[[ THE DATA, beginning ]]

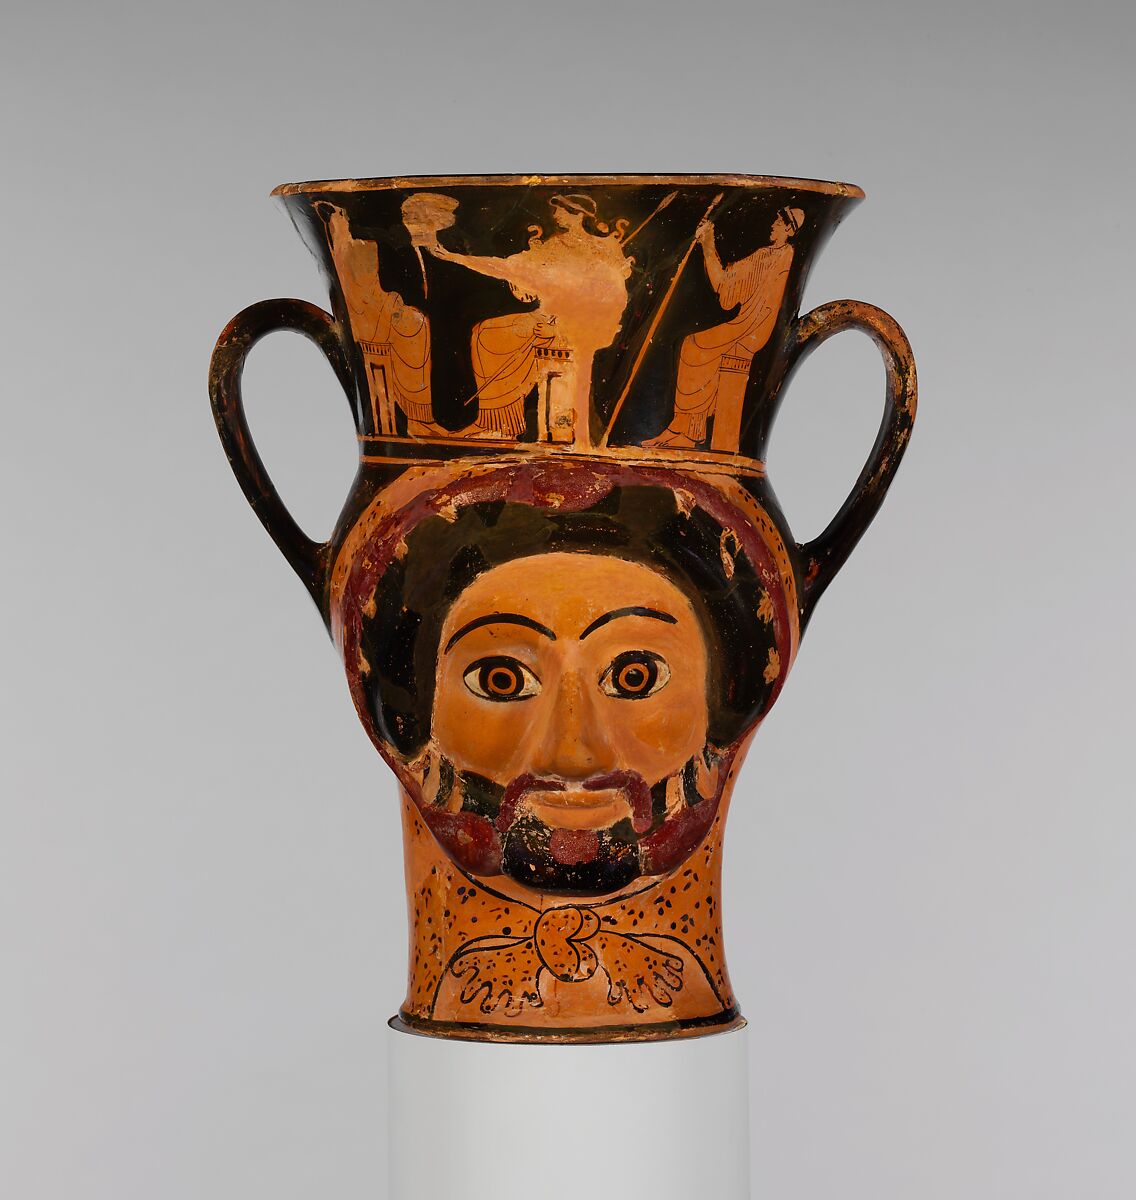 Terracotta kantharos (drinking cup) in the form of the heads of Herakles and of a woman, Attributed to the Syriskos Painter, Terracotta, Greek, Attic 
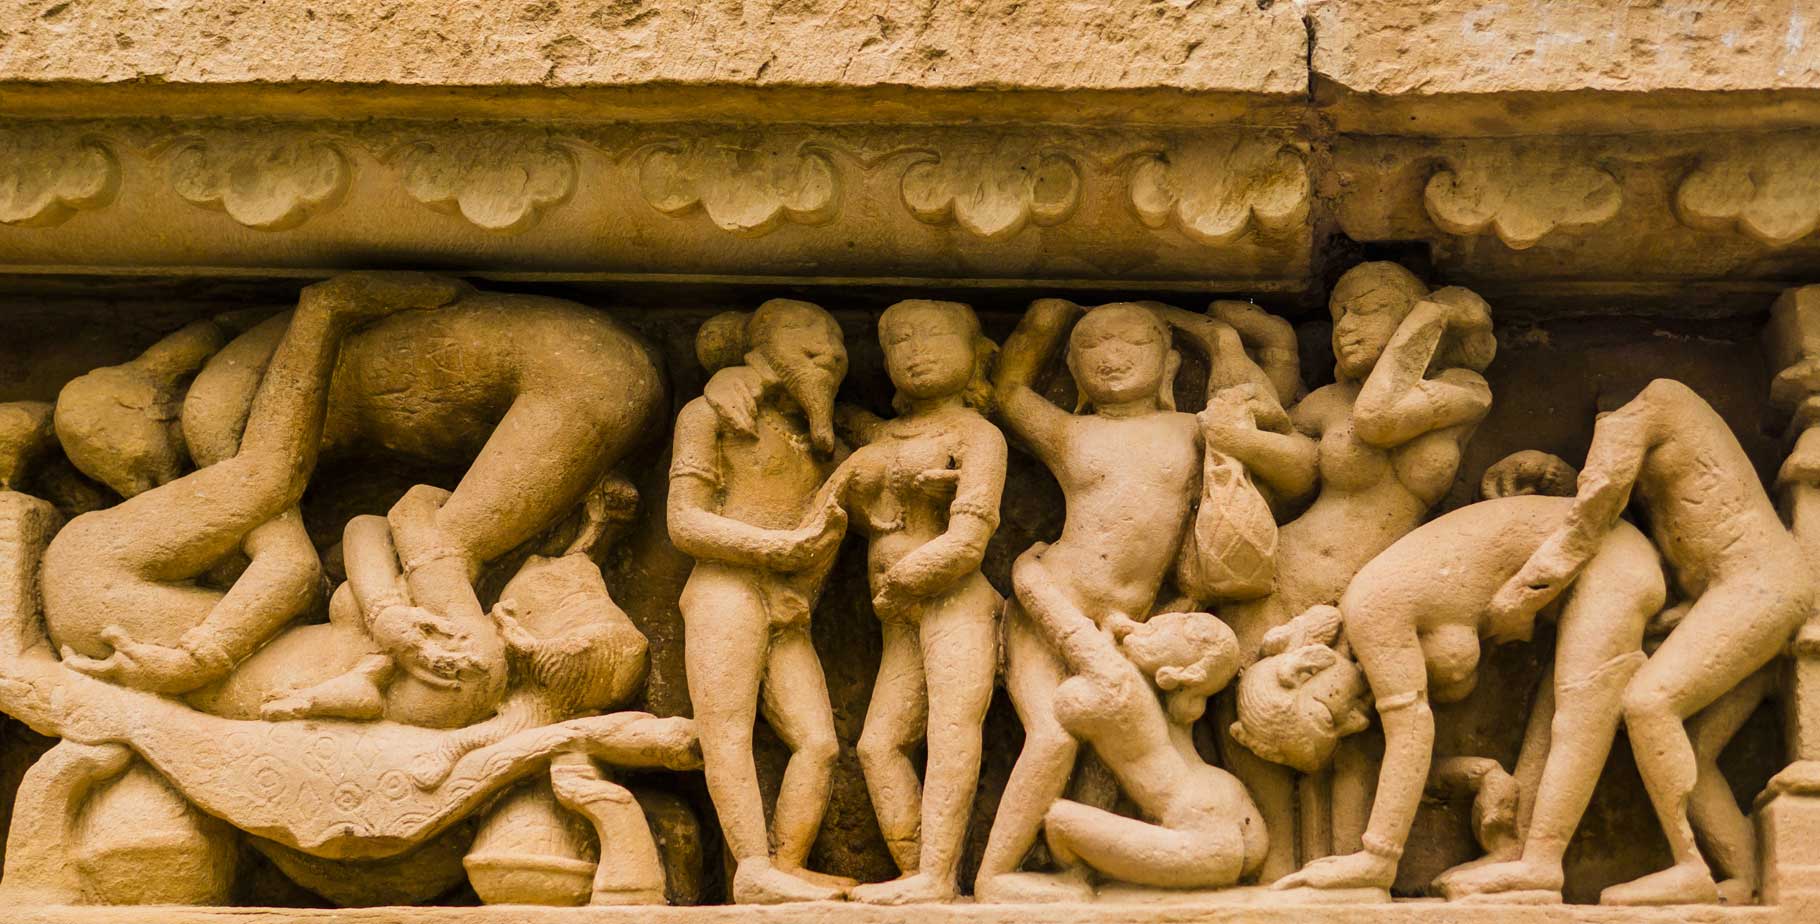 The Real Kama Sutra: More Than an Ancient Sex Manual
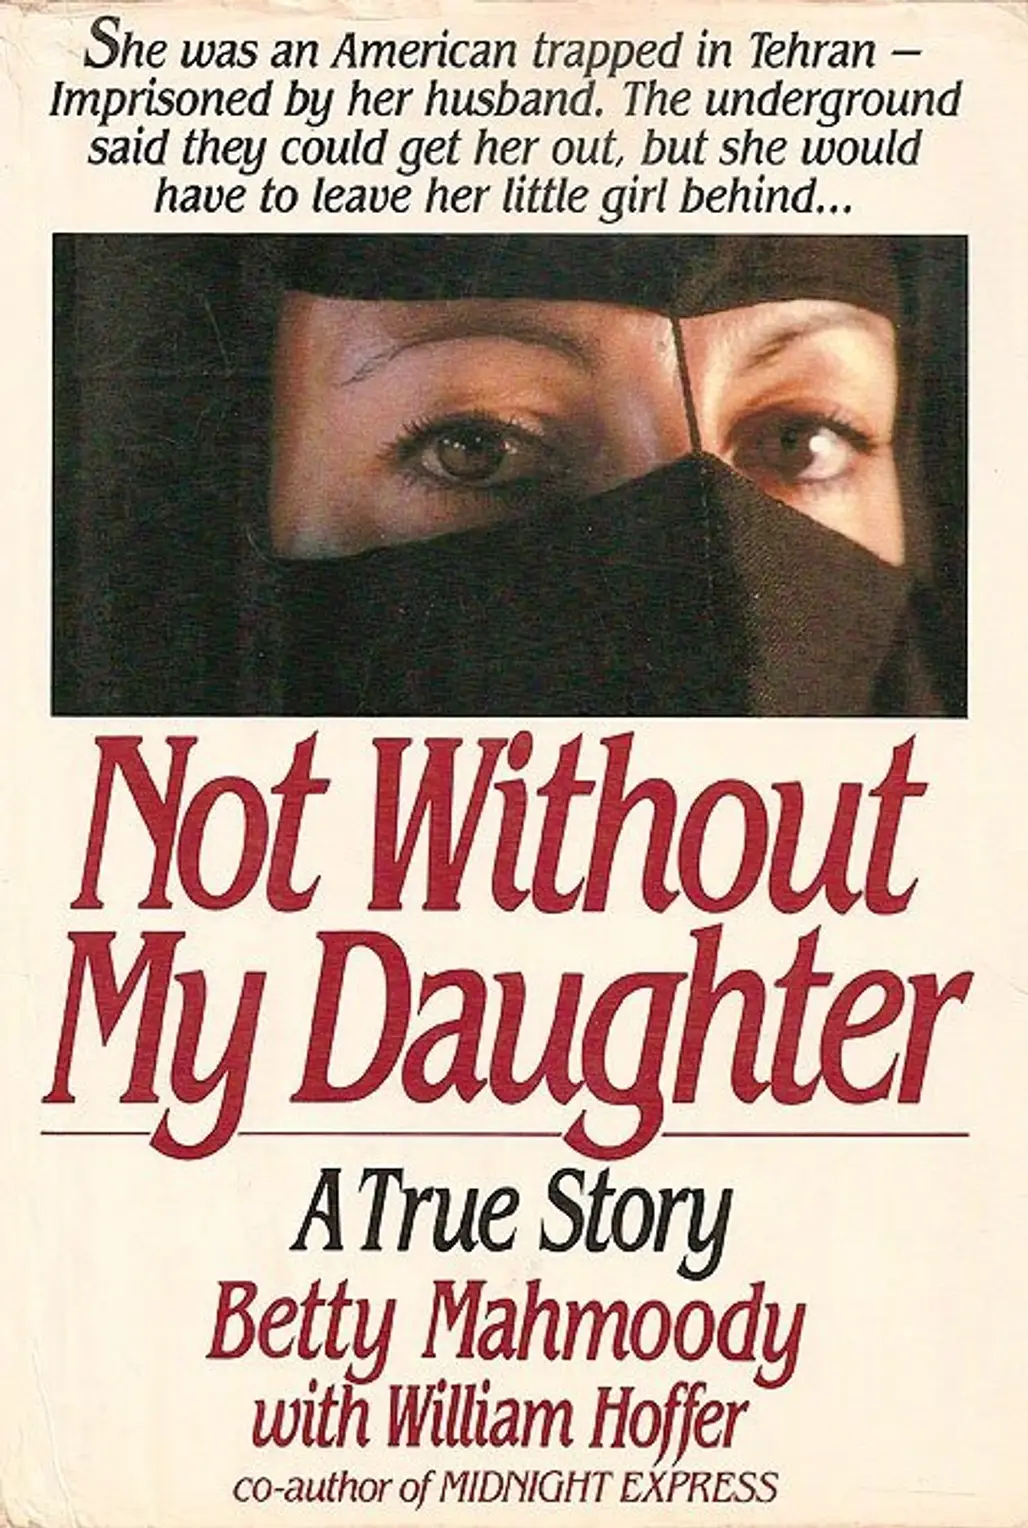 Not without My Daughter by Betty Mahmoody
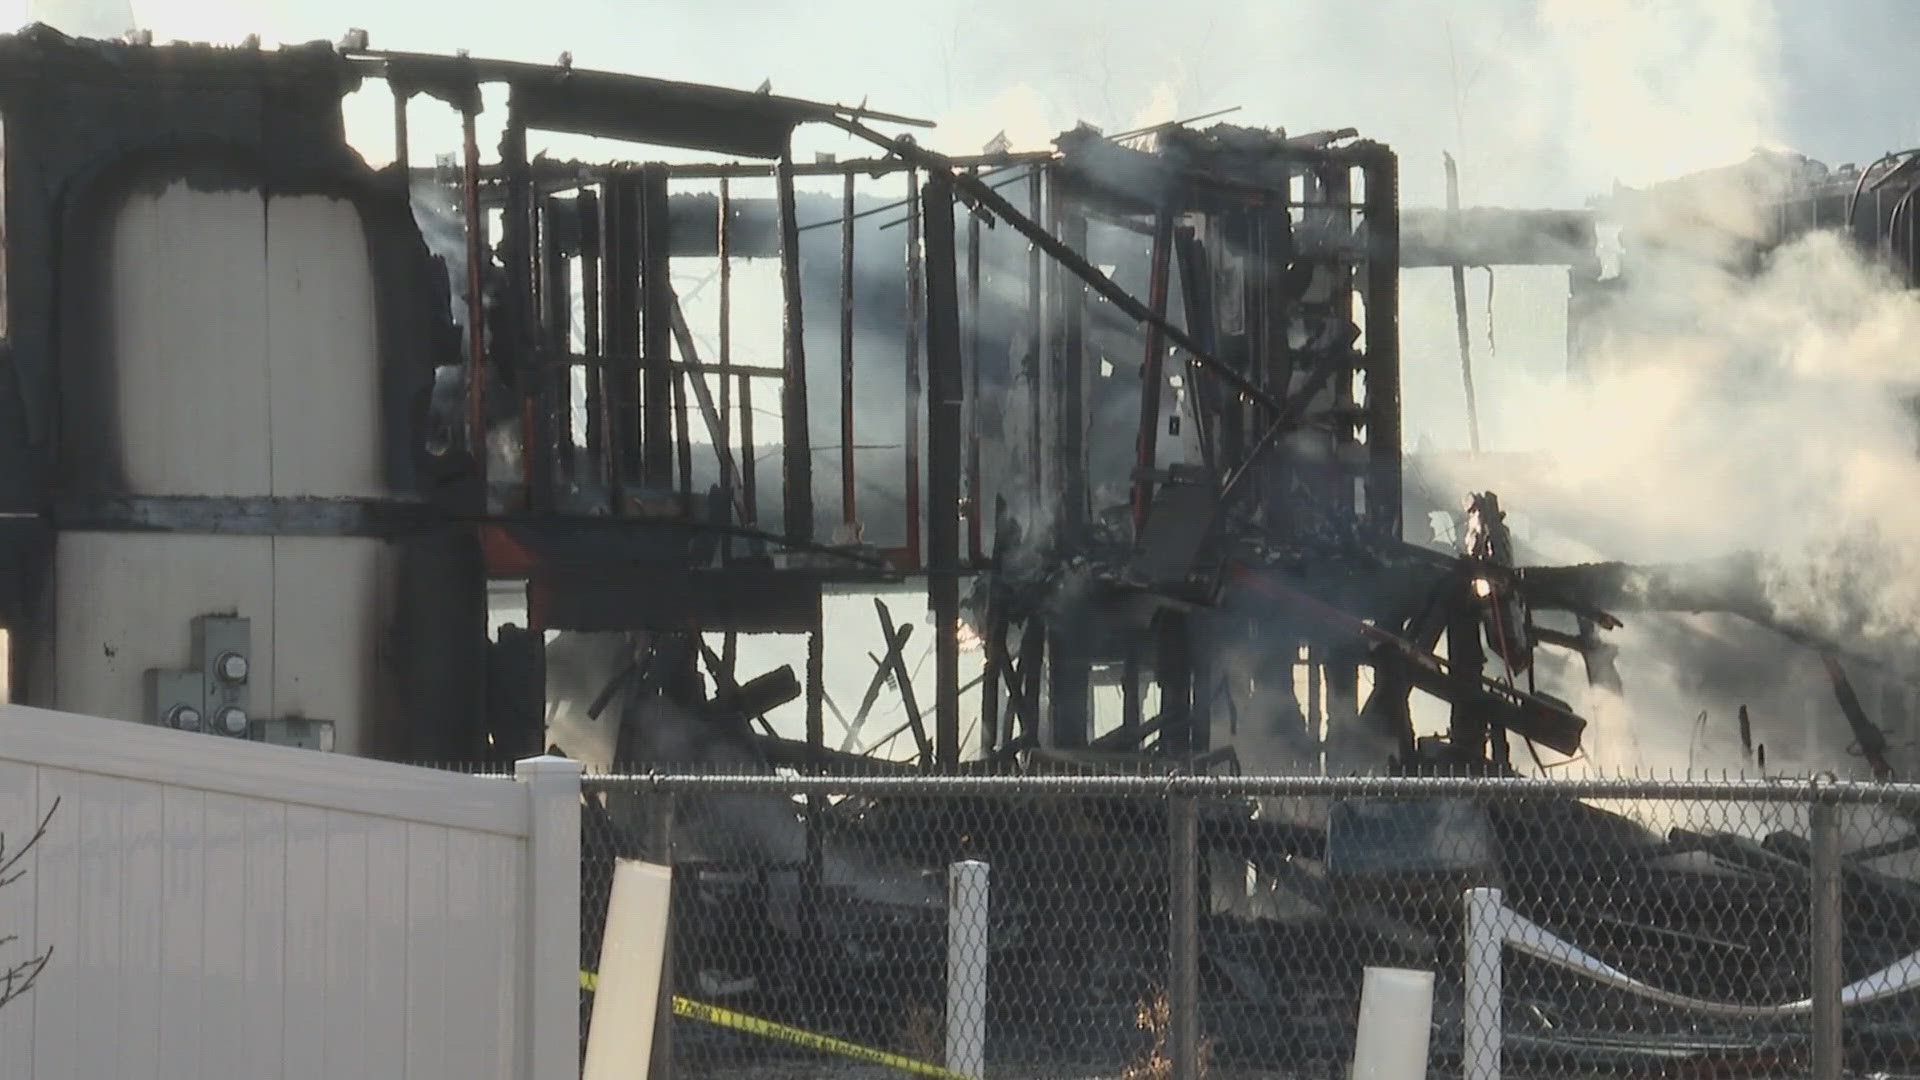 In Palisade, Colorado, an apartment complex in the 900 block of Iowa Avenue is a "complete and total loss" after it caught fire following an explosion.

[[ THE DATA, end ]]

HOW TO COMPLETE THIS TASK:
Produce an exact copy of each line of data, skipping embedded images.

RESPONSE AREA:
 Terracotta kantharos (drinking cup) in the form of the heads of Herakles and of a woman, Attributed to the Syriskos Painter, Terracotta, Greek, Attic 
 The Real Kama Sutra: More Than an Ancient Sex Manual
 Not without My Daughter by Betty Mahmoody
 In Palisade, Colorado, an apartment complex in the 900 block of Iowa Avenue is a "complete and total loss" after it caught fire following an explosion.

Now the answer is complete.